Abstract :
[fr] Édouard Louis est l'auteur de trois textes prenant pour sujet divers épisodes de sa vie : "En finir avec Eddy Bellegueule" décrit et questionne son enfance difficile dans un village déshérité de Picardie où le petit Eddy souffre de l'homophobie de son milieu ; "Histoire de la violence" retrace un viol et une tentative de meurtre subis par l'auteur en 2013, et interroge les origines de ces actes de violence ; "Qui a tué mon père", enfin, s'attache à une description plus précise de sa relation à son père, ainsi qu'à une dénonciation des décisions politiques ayant conduit à son déclin physique.

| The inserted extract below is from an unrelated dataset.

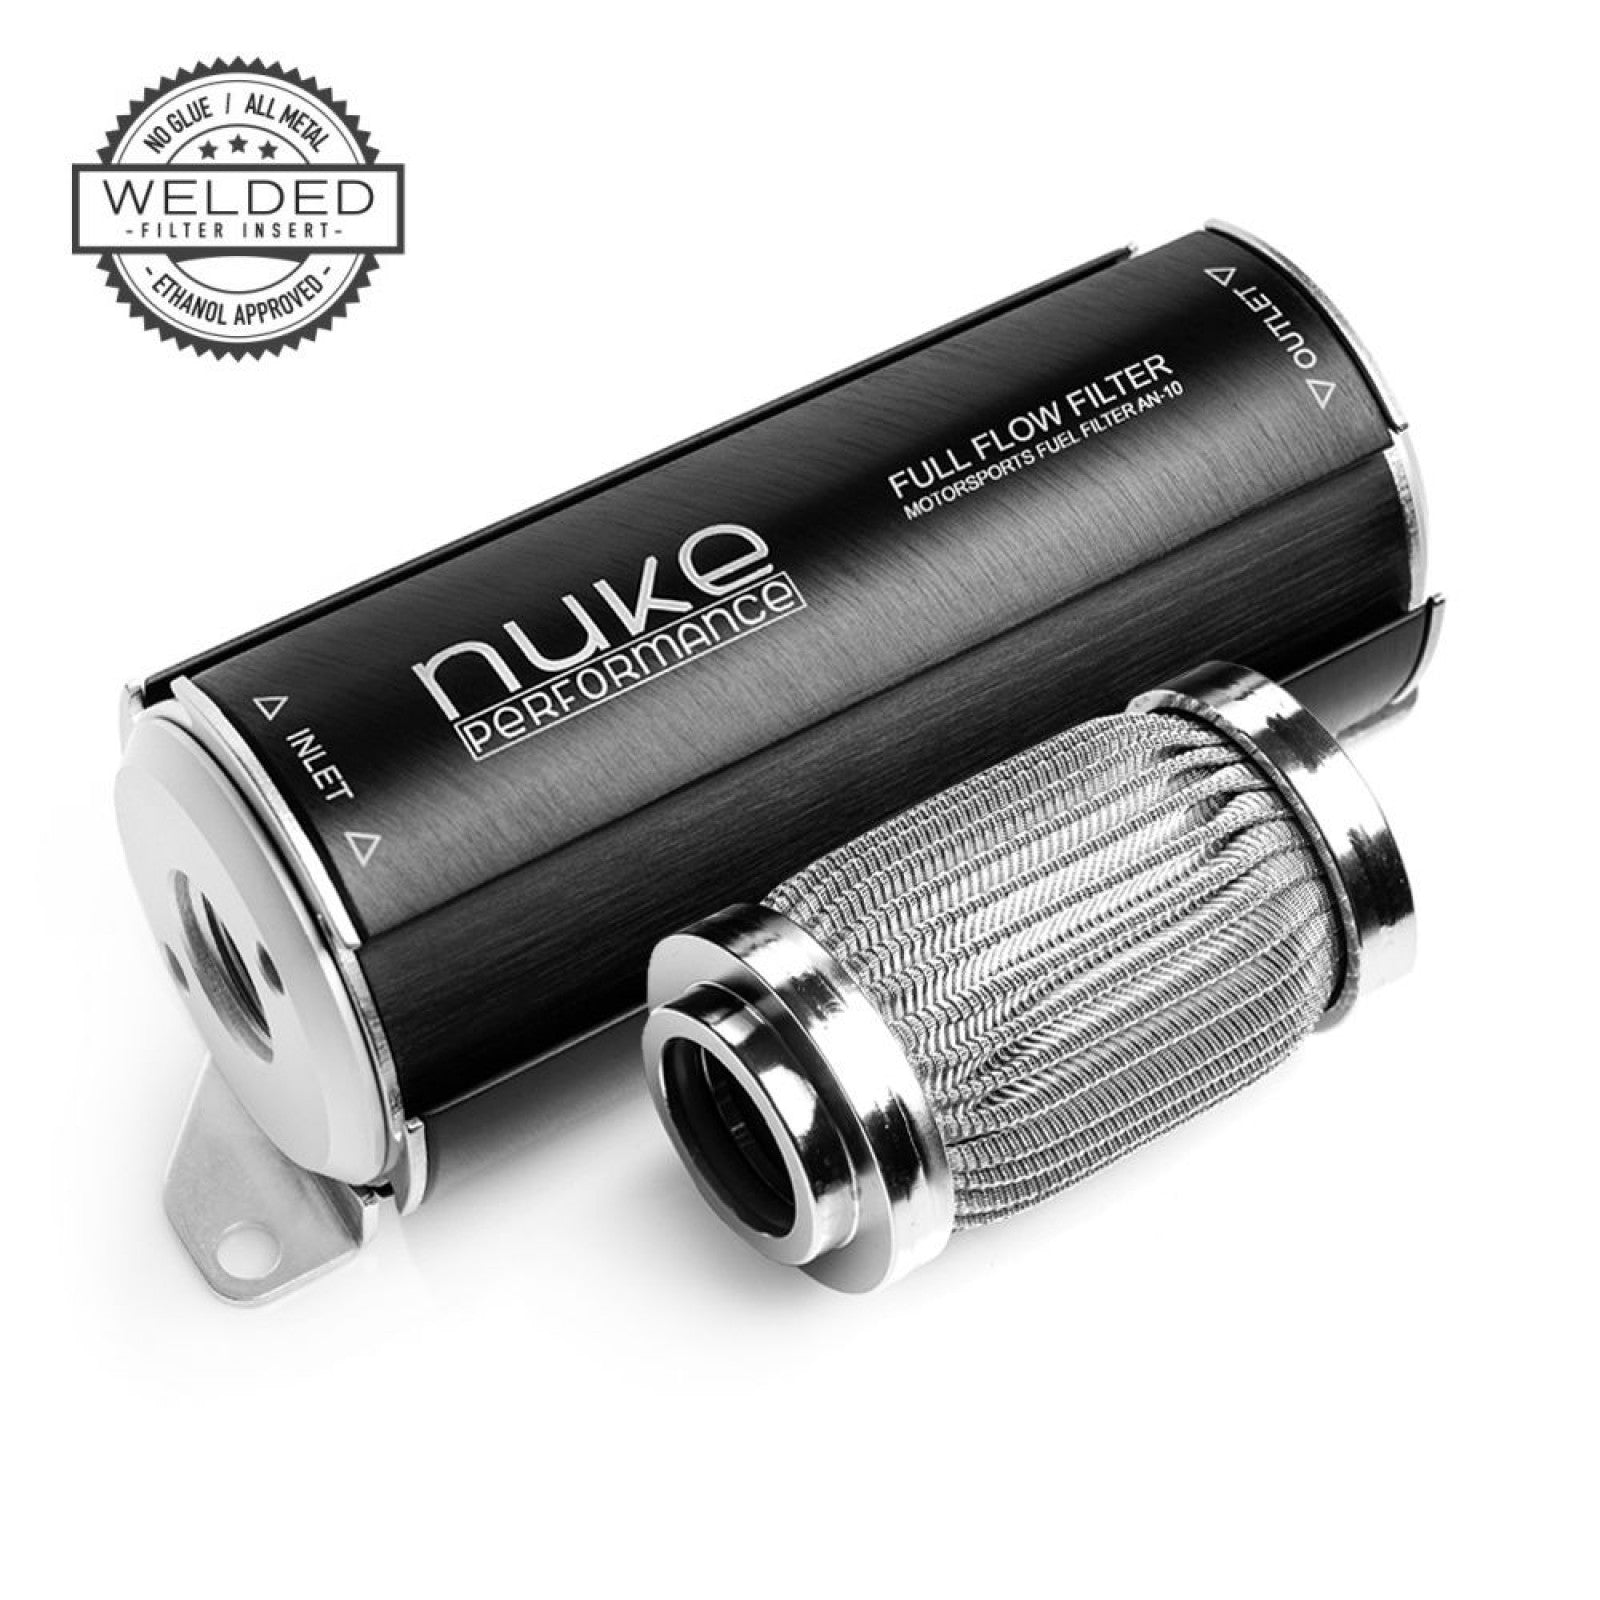 Filtro de combustible Nuke Performance 10 micras AN-10 - Elemento filtrante de celulosa

L'écriture, et plus précisément l'écriture de soi, est ainsi associée chez Édouard Louis à une recherche de vérité et de sens, à un besoin de décrypter les événements vécus. Il s'agit également de formuler un engagement plus vaste que le « moi », d'attirer l'attention sur une catégorie de la population française qui n'est pas reconnue par les discours dominants et qui souffre de cet abandon de la part de la classe politique. Édouard Louis propose ainsi des textes où l'intime est toujours étroitement et indissociablement mêlé au politique.
Alors que cet engagement est généralement analysé à la lumière de la sociologie bourdieusienne, intertexte évident de l'écriture d'Édouard Louis, cet article questionne la place du genre dans cette production, qui gagne à être lue dans une perspective queer.

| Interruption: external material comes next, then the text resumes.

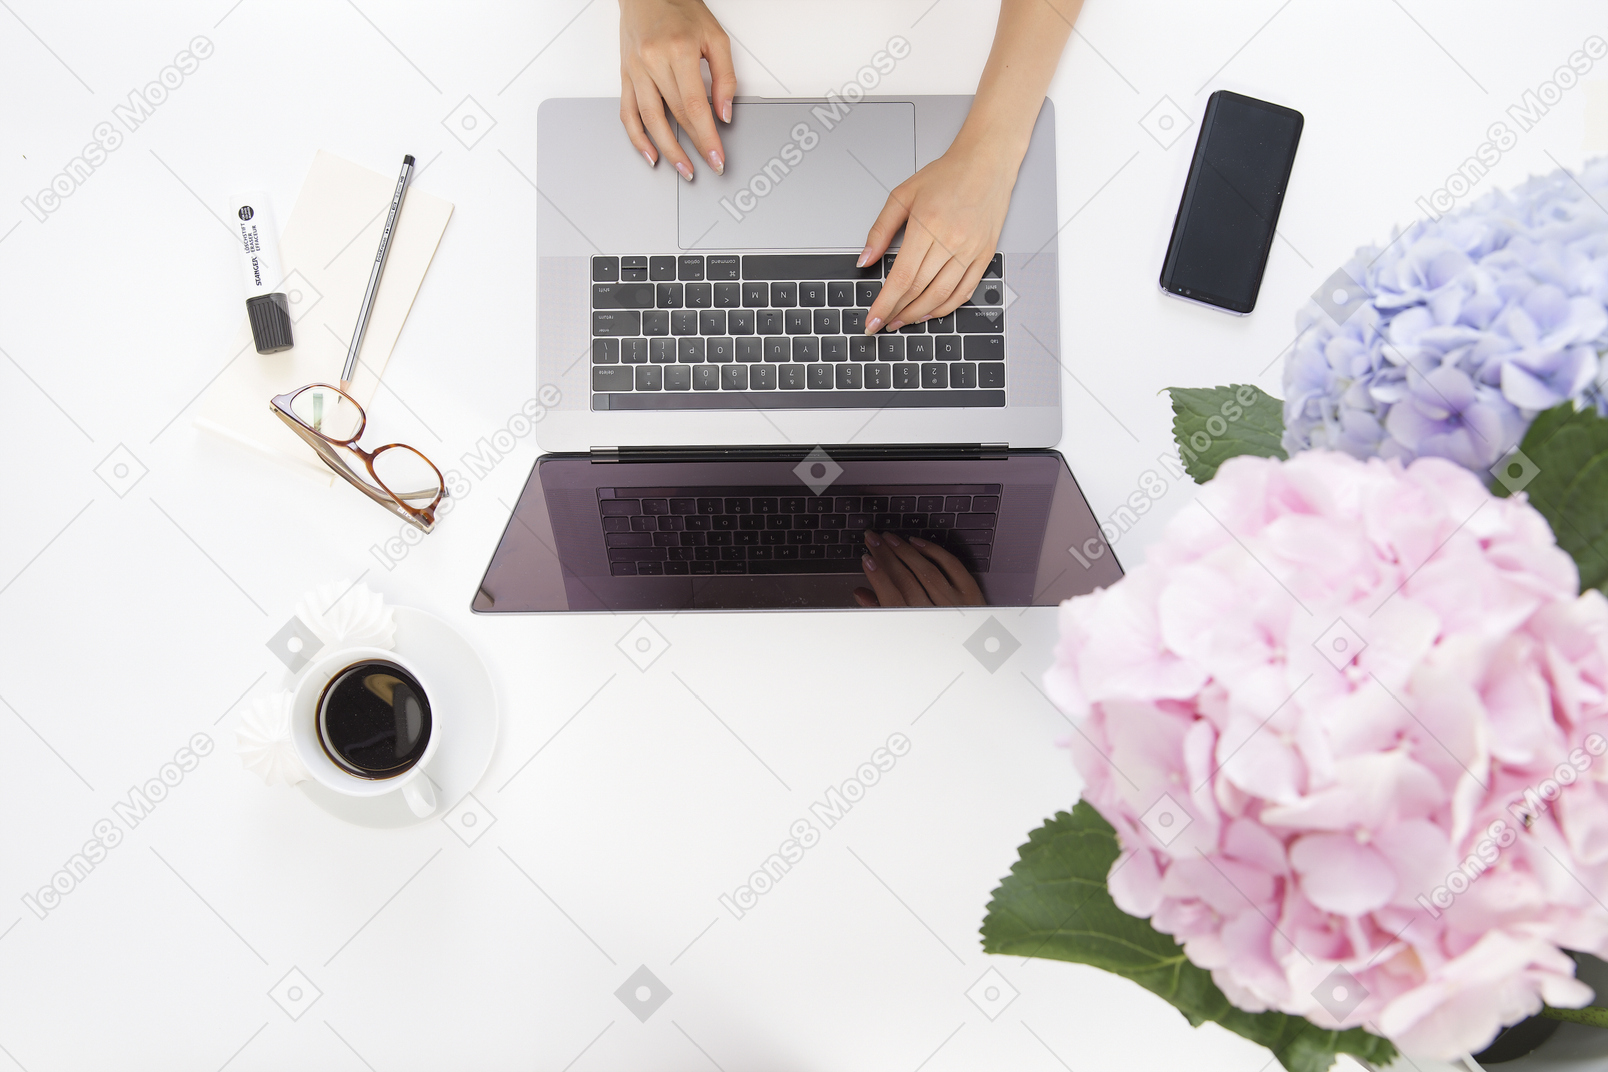 Weibliche hände, die auf dem laptop schreiben

L'objectif en est moins de faire une analyse queer de la production de Louis, qui permettrait de questionner sa représentation du genre et de la sexualité, que de montrer en quoi le geste d'écriture de cet auteur est informé par les études queer ; autrement dit, en quoi Edouard Louis lui-même fait une analyse queer de sa propre existence. Ce dispositif d'écriture de soi par l'assimilation de concepts critiques queer (tels que la performativité du genre, le spectacle du « placard de verre » et l'étroite cohésion entre intime et politique) est constant dans sa production, qui semble se poser inlassablement, de livre en livre, la même question : celle de la reprise de contrôle sur des discours dominants et violents qui condamnent les opprimés à subir et reproduire sans le savoir leurs oppressions, parfois multiples.